What is estate planning?
Estate planning is the process of drafting a strategy for the management and distribution of your estate after your death. Your estate is the net value of everything you own, such as your:
- House and other real estate assets
- Bank accounts
- Personal belongings
- Digital assets
- Life insurance
- and more
While certain debts might be passed on to your estate after your death, the value of your estate when you die is the sum of your assets minus any such debts.
You cannot take your estate with you when you die, but you do have control over what happens to it. An estate plan guarantees that your assets are distributed according to your wishes. Yet, a smart estate plan accomplishes much more. It also performs the following functions:
- Names a guardian for any minor children
- Name the individual who will manage your funds if you become incapacitated
- Name of the person who, if you become incapacitated, will make medical and personal care decisions on your behalf
- Safeguards your assets against creditors or in the event of divorce
The provision for a financially irresponsible family member also reduces the probate fees and estate taxes upon death.
Estate Planning Checklist
Creating estate plan may appear difficult, but it doesn't have to be. Here's a checklist of the essentials to get you started:
1.Create a list of assets
Your estate includes both tangible and intangible assets. Homes, other real estate, collectibles (antiques, art, or coins), vehicles, and other personal possessions are common tangible assets included in an estate. Bank accounts, mutual funds, stocks, and bonds, life insurance policies, health savings accounts, retirement plans, and company ownership are examples of intangible assets that may be included in an estate.
Following the preparation of a list of your assets, the following stage is to assess the value of each item.

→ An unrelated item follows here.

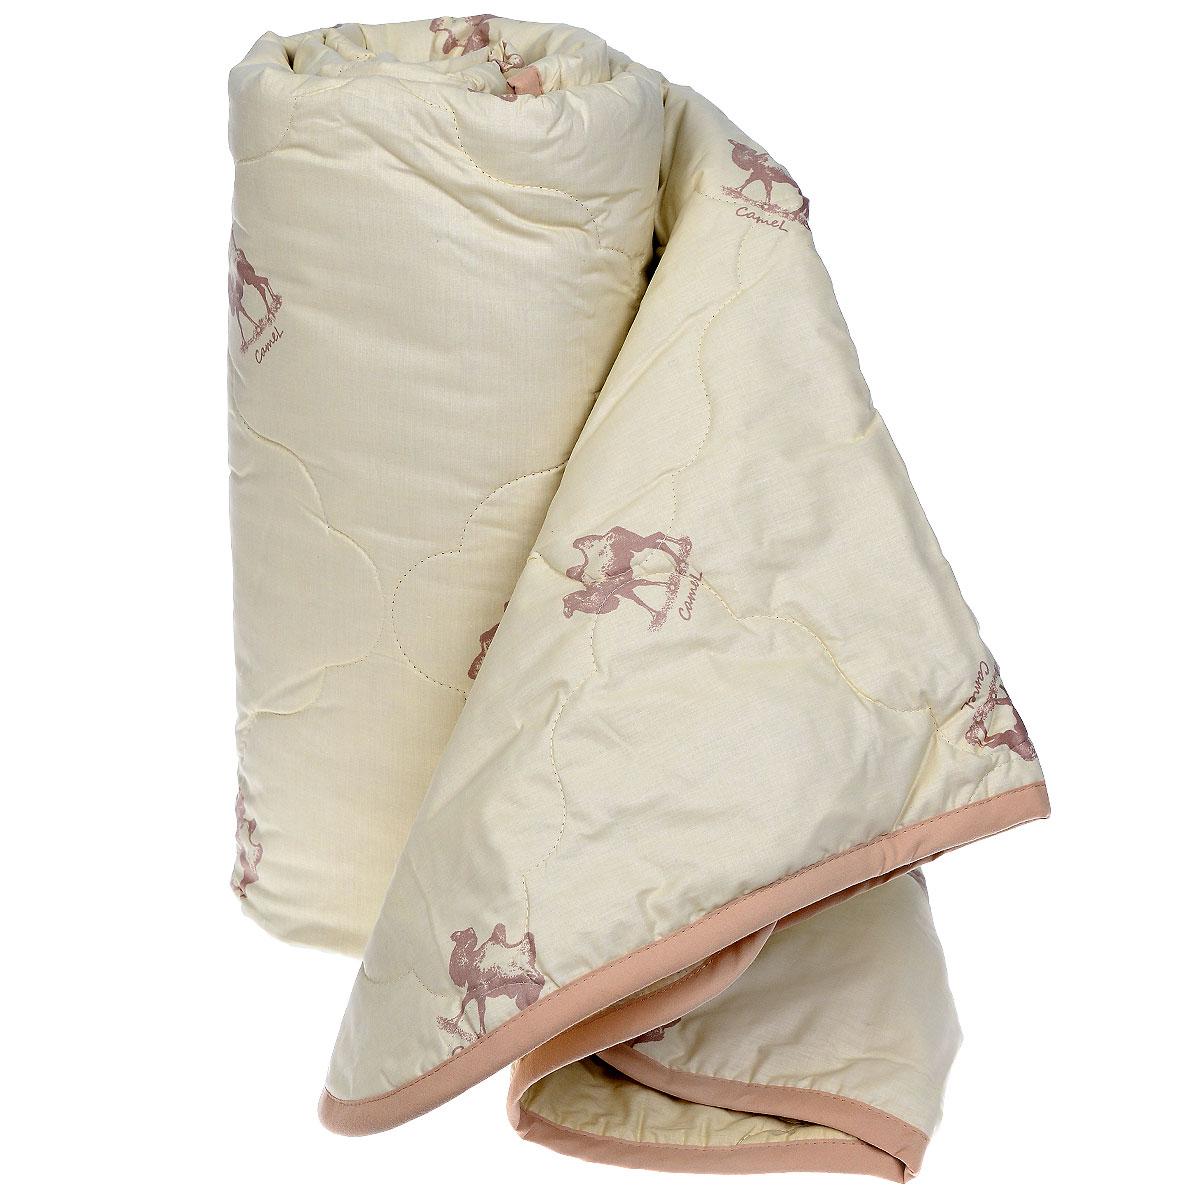 Одеяло Sova & Javoronok, наполнитель: верблюжья шерсть, цвет: бежевый, 172 см х 205 см96281375Чехол одеяла Sova & Javoronok выполнен из высококачественного плотного материала тик (100% хлопок). Наполнитель одеяла изготовлен из верблюжьей шерсти. Стежка надежно удерживает наполнитель внутри и не позволяет ему скатываться. Особенности наполнителя:- исключительные терморегулирующие свойства;- высокое качество прочеса и промывки шерсти;- великолепные ощущения комфорта и уюта. Верблюжья шерсть обладает целебными качествами, содержит наиболее высокий процент ланолина (животного воска), который является природным антисептиком и благоприятно воздействует на организм по целому ряду показателей: оказывает благотворное действие на мышцы, суставы, позвоночник, нормализует кровообращение, имеет профилактический эффект при заболевания опорно-двигательного аппарата. Кроме того, верблюжья шерсть антистатична. Шерсть верблюда сохраняет прохладу в период жаркого лета и удерживает тепло во время суровой зимы. Одеяло упакована в прозрачный пластиковый чехол на змейке с ручкой, что является чрезвычайно удобным при переноске.Рекомендации по уходу:- Стирка запрещена,- Нельзя отбеливать. При стирке не использовать средства, содержащие отбеливатели (хлор),- Не гладить. Не применять обработку паром,- Химчистка с использованием углеводорода, хлорного этилена,- Нельзя выжимать и сушить в стиральной машине. Размер одеяла: 172 см х 205 см. Материал чехла: тик (100% хлопок). Наполнитель: 30% верблюжья шерсть; 70% полиэфирное волокно.

Certain assets, such as a home or a stake in a business, may necessitate outside valuations.
Once you've determined the entire value of your assets, use the following method to calculate your net worth:
The value of your estate = the total value of all your assets – the total value of debts that would pass on to your estate at death.
Knowing your net worth makes it easier to ensure the estate is distributed equitably among family members.
2.Protect your family’s needs
Now that you know your estate’s worth, it is time to think about protecting your assets and your loved ones after death. Here are some tips:
- Ensure that you have appropriate life insurance coverage - Without life insurance, your family may be compelled to tap into your savings or sell some of your possessions to cover day-to-day living costs. If you're wondering how much life insurance you need, it depends on a number of circumstances, including whether you're married and whether you have a dual-income family. If you have not yet started saving for your children's college tuition or if you have a special-needs child, your family may want even more life insurance protection.
- Make a guardian appointment for your minor children - Remember to name a guardian — as well as a backup guardian — for your minor children. If both parents die without a will and their children are minors, the court will choose someone to care for them. This process might take weeks or even months, and there is always the potential that the court will select someone you believe is not qualified for the job.
- Leave a set of instructions for the guardian - Don't assume that the guardian shares your parenting philosophy or that a judge will accept your views if the subject goes to court. Provide precise instructions for the guardian in a letter that goes with your will to avoid ambiguity. Do not include parenting instructions in the will. A will specifies crucial appointments as well as estate distribution strategies; it is not the place for general directions.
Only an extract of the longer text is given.